## [Problem requirements]
Print the entries exactly as given.

--- Supplied material ---

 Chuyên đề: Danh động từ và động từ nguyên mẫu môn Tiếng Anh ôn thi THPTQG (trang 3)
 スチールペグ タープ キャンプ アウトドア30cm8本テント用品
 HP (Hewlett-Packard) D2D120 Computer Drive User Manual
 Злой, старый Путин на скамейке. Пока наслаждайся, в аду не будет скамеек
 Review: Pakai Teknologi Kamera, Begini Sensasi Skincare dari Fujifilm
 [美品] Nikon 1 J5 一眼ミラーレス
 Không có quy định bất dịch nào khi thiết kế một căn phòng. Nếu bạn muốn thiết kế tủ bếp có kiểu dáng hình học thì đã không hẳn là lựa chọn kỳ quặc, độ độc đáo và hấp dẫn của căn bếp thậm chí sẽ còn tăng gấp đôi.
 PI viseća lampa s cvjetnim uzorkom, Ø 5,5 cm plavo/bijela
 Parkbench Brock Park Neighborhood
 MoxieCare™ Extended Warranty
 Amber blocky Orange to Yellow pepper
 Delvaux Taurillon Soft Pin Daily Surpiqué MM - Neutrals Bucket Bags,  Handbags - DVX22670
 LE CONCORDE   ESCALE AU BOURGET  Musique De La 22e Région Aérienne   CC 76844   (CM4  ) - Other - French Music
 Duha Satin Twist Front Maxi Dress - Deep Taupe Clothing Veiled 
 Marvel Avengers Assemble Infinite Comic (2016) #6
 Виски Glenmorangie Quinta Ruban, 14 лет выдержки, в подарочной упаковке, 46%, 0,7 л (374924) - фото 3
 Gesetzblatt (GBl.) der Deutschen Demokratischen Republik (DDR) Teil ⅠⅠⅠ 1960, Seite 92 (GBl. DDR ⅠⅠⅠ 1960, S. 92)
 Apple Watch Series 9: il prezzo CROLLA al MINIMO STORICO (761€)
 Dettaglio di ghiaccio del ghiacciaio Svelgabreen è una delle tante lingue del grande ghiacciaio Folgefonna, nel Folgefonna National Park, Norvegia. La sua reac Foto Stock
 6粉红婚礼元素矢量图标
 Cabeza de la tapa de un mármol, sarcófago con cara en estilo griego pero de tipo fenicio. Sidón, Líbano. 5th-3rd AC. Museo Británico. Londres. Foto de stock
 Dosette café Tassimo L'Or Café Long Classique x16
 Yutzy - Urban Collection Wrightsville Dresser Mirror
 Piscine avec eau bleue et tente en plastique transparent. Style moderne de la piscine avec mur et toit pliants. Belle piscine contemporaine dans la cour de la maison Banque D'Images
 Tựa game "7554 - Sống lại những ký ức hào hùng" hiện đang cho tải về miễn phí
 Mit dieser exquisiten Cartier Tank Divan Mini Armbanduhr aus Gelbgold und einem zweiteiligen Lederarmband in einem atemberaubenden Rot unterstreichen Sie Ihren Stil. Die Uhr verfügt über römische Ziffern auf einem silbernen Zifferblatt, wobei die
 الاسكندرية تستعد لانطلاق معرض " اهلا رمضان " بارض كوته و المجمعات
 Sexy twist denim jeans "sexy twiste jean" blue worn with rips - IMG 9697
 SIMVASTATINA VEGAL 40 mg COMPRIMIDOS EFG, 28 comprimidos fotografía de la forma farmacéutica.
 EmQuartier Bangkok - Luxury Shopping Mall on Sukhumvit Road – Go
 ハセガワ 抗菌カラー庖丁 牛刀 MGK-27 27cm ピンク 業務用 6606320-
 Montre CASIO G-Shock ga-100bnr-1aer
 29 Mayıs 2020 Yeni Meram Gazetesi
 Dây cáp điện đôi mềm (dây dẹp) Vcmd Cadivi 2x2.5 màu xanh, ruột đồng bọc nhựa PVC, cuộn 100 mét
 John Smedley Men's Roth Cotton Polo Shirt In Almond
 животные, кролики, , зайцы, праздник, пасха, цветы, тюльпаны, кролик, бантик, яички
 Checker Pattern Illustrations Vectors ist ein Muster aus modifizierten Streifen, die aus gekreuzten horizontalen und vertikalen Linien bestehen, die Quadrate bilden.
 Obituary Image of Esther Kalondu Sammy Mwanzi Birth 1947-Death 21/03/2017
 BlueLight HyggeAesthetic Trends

---

## [Result for this task]
 Chuyên đề: Danh động từ và động từ nguyên mẫu môn Tiếng Anh ôn thi THPTQG (trang 3)
 スチールペグ タープ キャンプ アウトドア30cm8本テント用品
 HP (Hewlett-Packard) D2D120 Computer Drive User Manual
 Злой, старый Путин на скамейке. Пока наслаждайся, в аду не будет скамеек
 Review: Pakai Teknologi Kamera, Begini Sensasi Skincare dari Fujifilm
 [美品] Nikon 1 J5 一眼ミラーレス
 Không có quy định bất dịch nào khi thiết kế một căn phòng. Nếu bạn muốn thiết kế tủ bếp có kiểu dáng hình học thì đã không hẳn là lựa chọn kỳ quặc, độ độc đáo và hấp dẫn của căn bếp thậm chí sẽ còn tăng gấp đôi.
 PI viseća lampa s cvjetnim uzorkom, Ø 5,5 cm plavo/bijela
 Parkbench Brock Park Neighborhood
 MoxieCare™ Extended Warranty
 Amber blocky Orange to Yellow pepper
 Delvaux Taurillon Soft Pin Daily Surpiqué MM - Neutrals Bucket Bags,  Handbags - DVX22670
 LE CONCORDE   ESCALE AU BOURGET  Musique De La 22e Région Aérienne   CC 76844   (CM4  ) - Other - French Music
 Duha Satin Twist Front Maxi Dress - Deep Taupe Clothing Veiled 
 Marvel Avengers Assemble Infinite Comic (2016) #6
 Виски Glenmorangie Quinta Ruban, 14 лет выдержки, в подарочной упаковке, 46%, 0,7 л (374924) - фото 3
 Gesetzblatt (GBl.) der Deutschen Demokratischen Republik (DDR) Teil ⅠⅠⅠ 1960, Seite 92 (GBl. DDR ⅠⅠⅠ 1960, S. 92)
 Apple Watch Series 9: il prezzo CROLLA al MINIMO STORICO (761€)
 Dettaglio di ghiaccio del ghiacciaio Svelgabreen è una delle tante lingue del grande ghiacciaio Folgefonna, nel Folgefonna National Park, Norvegia. La sua reac Foto Stock
 6粉红婚礼元素矢量图标
 Cabeza de la tapa de un mármol, sarcófago con cara en estilo griego pero de tipo fenicio. Sidón, Líbano. 5th-3rd AC. Museo Británico. Londres. Foto de stock
 Dosette café Tassimo L'Or Café Long Classique x16
 Yutzy - Urban Collection Wrightsville Dresser Mirror
 Piscine avec eau bleue et tente en plastique transparent. Style moderne de la piscine avec mur et toit pliants. Belle piscine contemporaine dans la cour de la maison Banque D'Images
 Tựa game "7554 - Sống lại những ký ức hào hùng" hiện đang cho tải về miễn phí
 Mit dieser exquisiten Cartier Tank Divan Mini Armbanduhr aus Gelbgold und einem zweiteiligen Lederarmband in einem atemberaubenden Rot unterstreichen Sie Ihren Stil. Die Uhr verfügt über römische Ziffern auf einem silbernen Zifferblatt, wobei die
 الاسكندرية تستعد لانطلاق معرض " اهلا رمضان " بارض كوته و المجمعات
 Sexy twist denim jeans "sexy twiste jean" blue worn with rips - IMG 9697
 SIMVASTATINA VEGAL 40 mg COMPRIMIDOS EFG, 28 comprimidos fotografía de la forma farmacéutica.
 EmQuartier Bangkok - Luxury Shopping Mall on Sukhumvit Road – Go
 ハセガワ 抗菌カラー庖丁 牛刀 MGK-27 27cm ピンク 業務用 6606320-
 Montre CASIO G-Shock ga-100bnr-1aer
 29 Mayıs 2020 Yeni Meram Gazetesi
 Dây cáp điện đôi mềm (dây dẹp) Vcmd Cadivi 2x2.5 màu xanh, ruột đồng bọc nhựa PVC, cuộn 100 mét
 John Smedley Men's Roth Cotton Polo Shirt In Almond
 животные, кролики, , зайцы, праздник, пасха, цветы, тюльпаны, кролик, бантик, яички
 Checker Pattern Illustrations Vectors ist ein Muster aus modifizierten Streifen, die aus gekreuzten horizontalen und vertikalen Linien bestehen, die Quadrate bilden.
 Obituary Image of Esther Kalondu Sammy Mwanzi Birth 1947-Death 21/03/2017
 BlueLight HyggeAesthetic Trends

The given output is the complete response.